Помню и такой, вполне показательный случай. В Норильске было принято, что работавшие больше десяти лет по найму при увольнении получали двухмесячный оклад (разумеется, если об этом ходатайствовало начальство) — за безупречный труд. Все мои друзья эту прощальную премию получили. Должен был получить ее и я: после реабилитации весь лагерный срок милостиво переименовывался в работу по найму. Мой начальник Ферштенфельд поехал к юристу Норильского комбината Розену получать визу.

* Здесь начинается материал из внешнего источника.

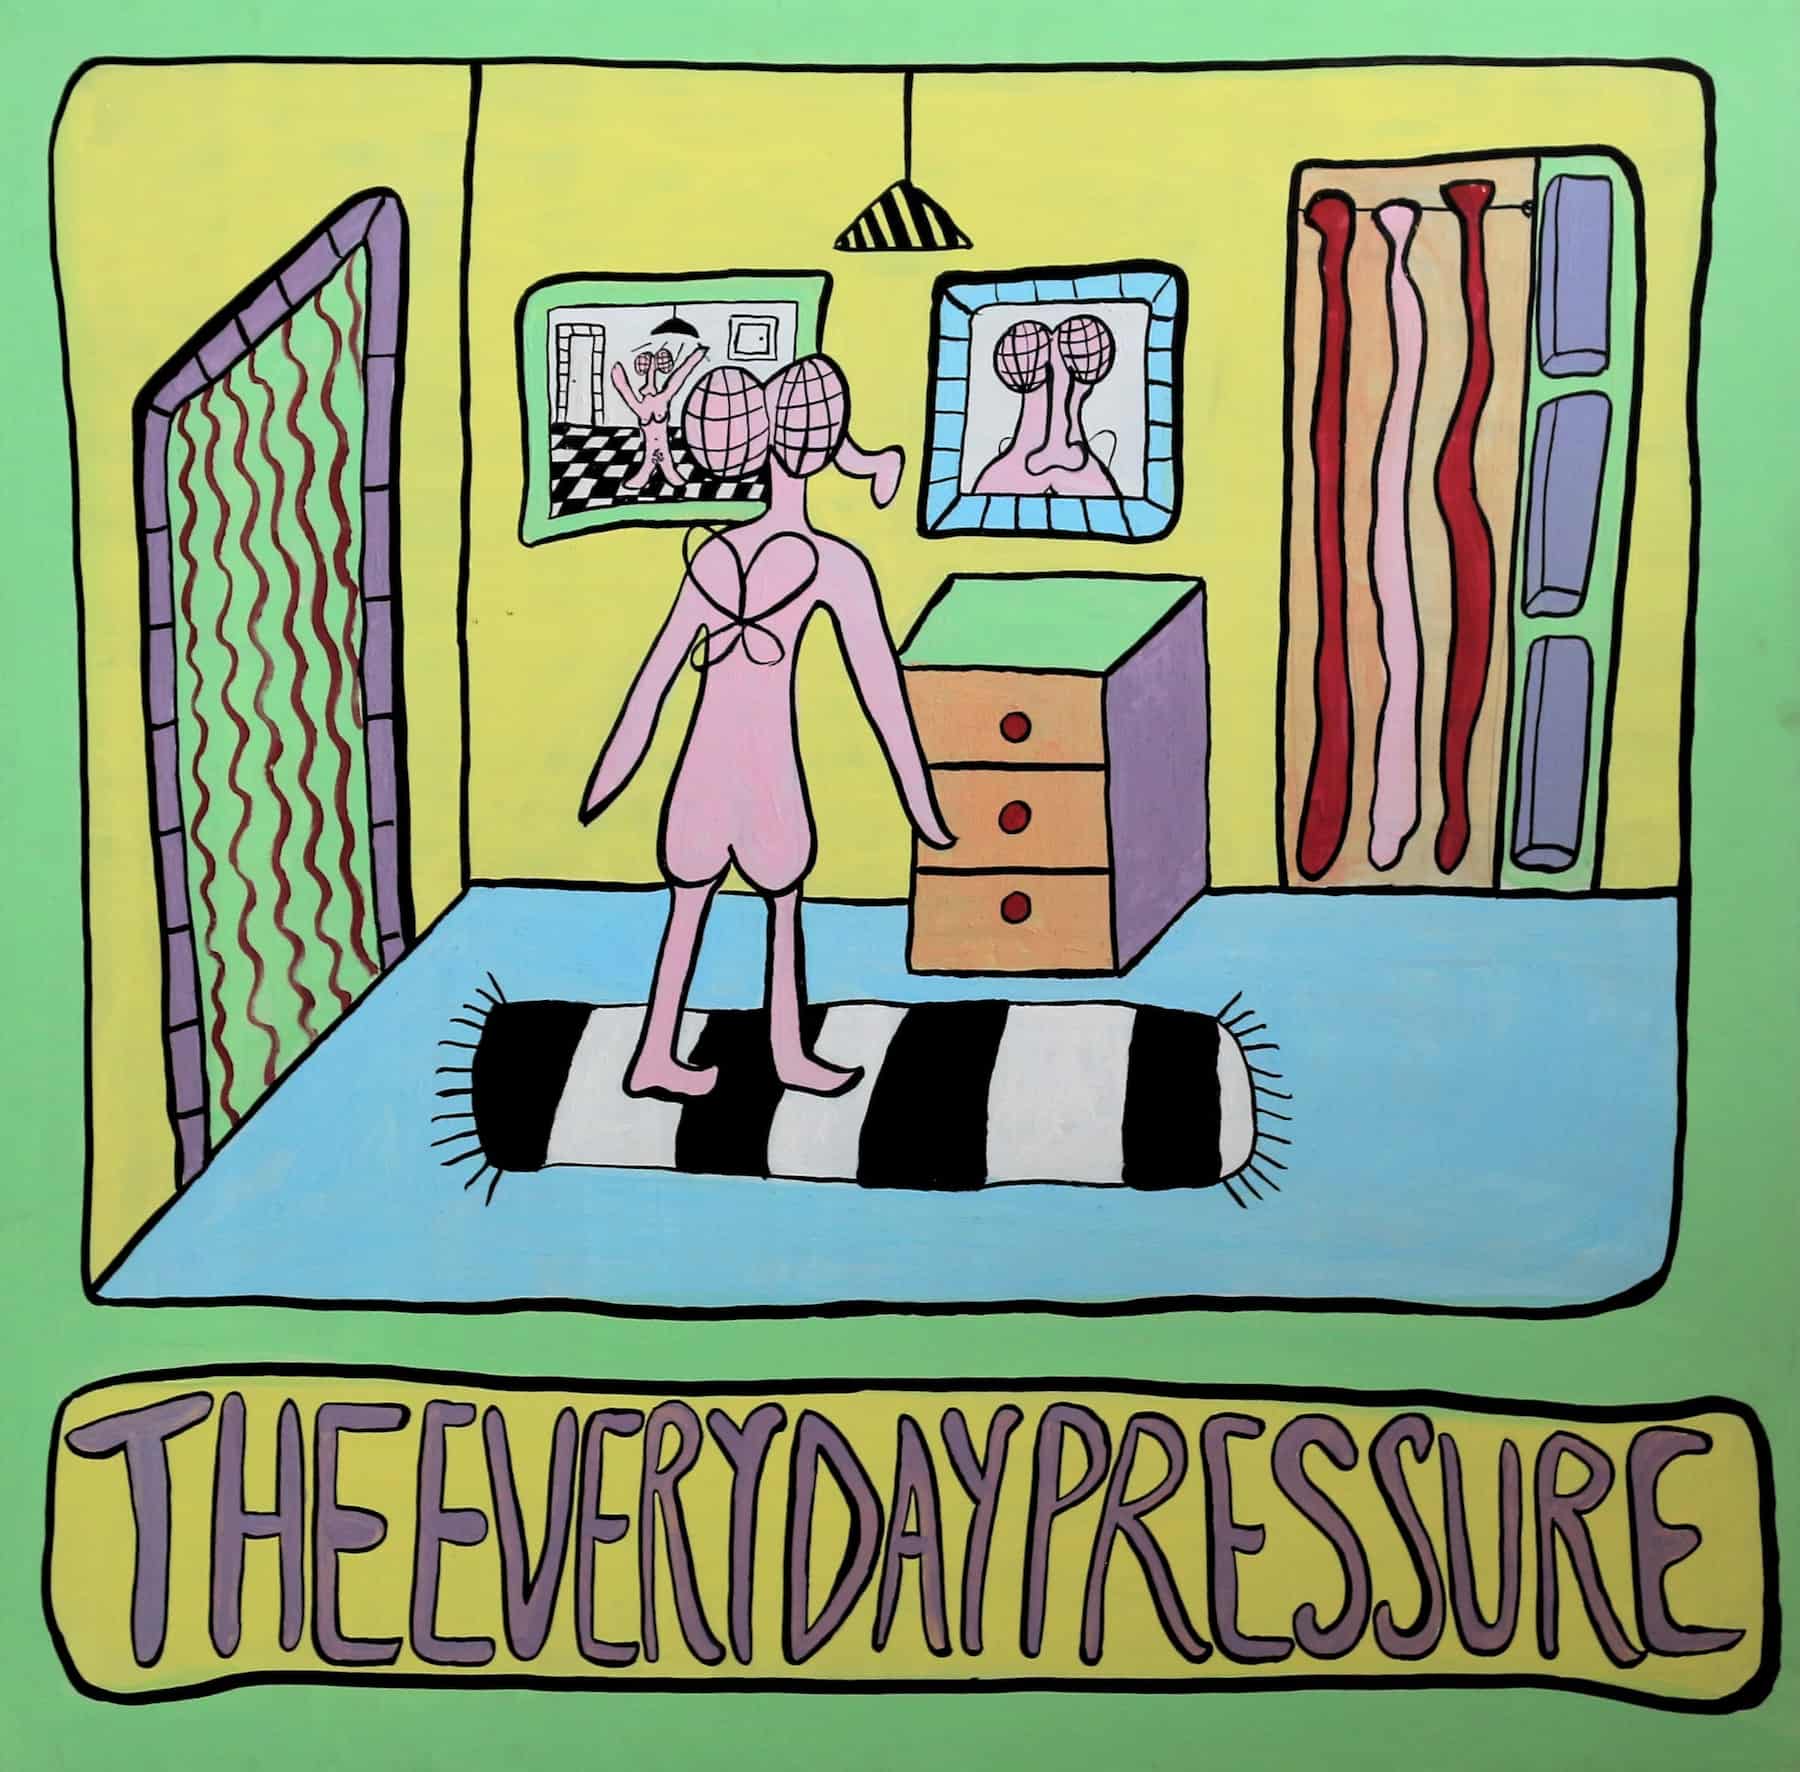 The everyday pressure, acryl auf leinwand, 90 x90 cm, 2019

— Произошла неувязка, — информировал он меня потом, смущенный и расстроенный. — У вас семнадцать лет работы в Норильске, Розен сказал, что заслуживаете премии. Потом посмотрел анкету и возмутился. «Этот еврей официально пишет себя русским! Придумал такой фокус, чтоб не числиться в космополитах — он ведь что-то литературное кропает, я знаю. Человеку, который из-за карьеры плюет на свою национальность, я премии не дам. Хоть формально и заслуживает, а не дам, так ему и передайте!» Вам надо пойти к Розену, Сергей Александрович, — закончил Ферштенфельд. — Вы объясните ему, что запись в пятом пункте правильная, а не фальшивая. Меня он и слушать не захотел.
— Не пойду, — сказал я. — Объясняться с всякими националистами, кто был мой отец и кто — моя мать! Мне по горло хватает русских шовинистов, чтоб еще пререкаться с шовинистами Розенами. Премия в девять тысяч рублей не отобьет вкуса навоза, который придется жевать в этом разговоре.”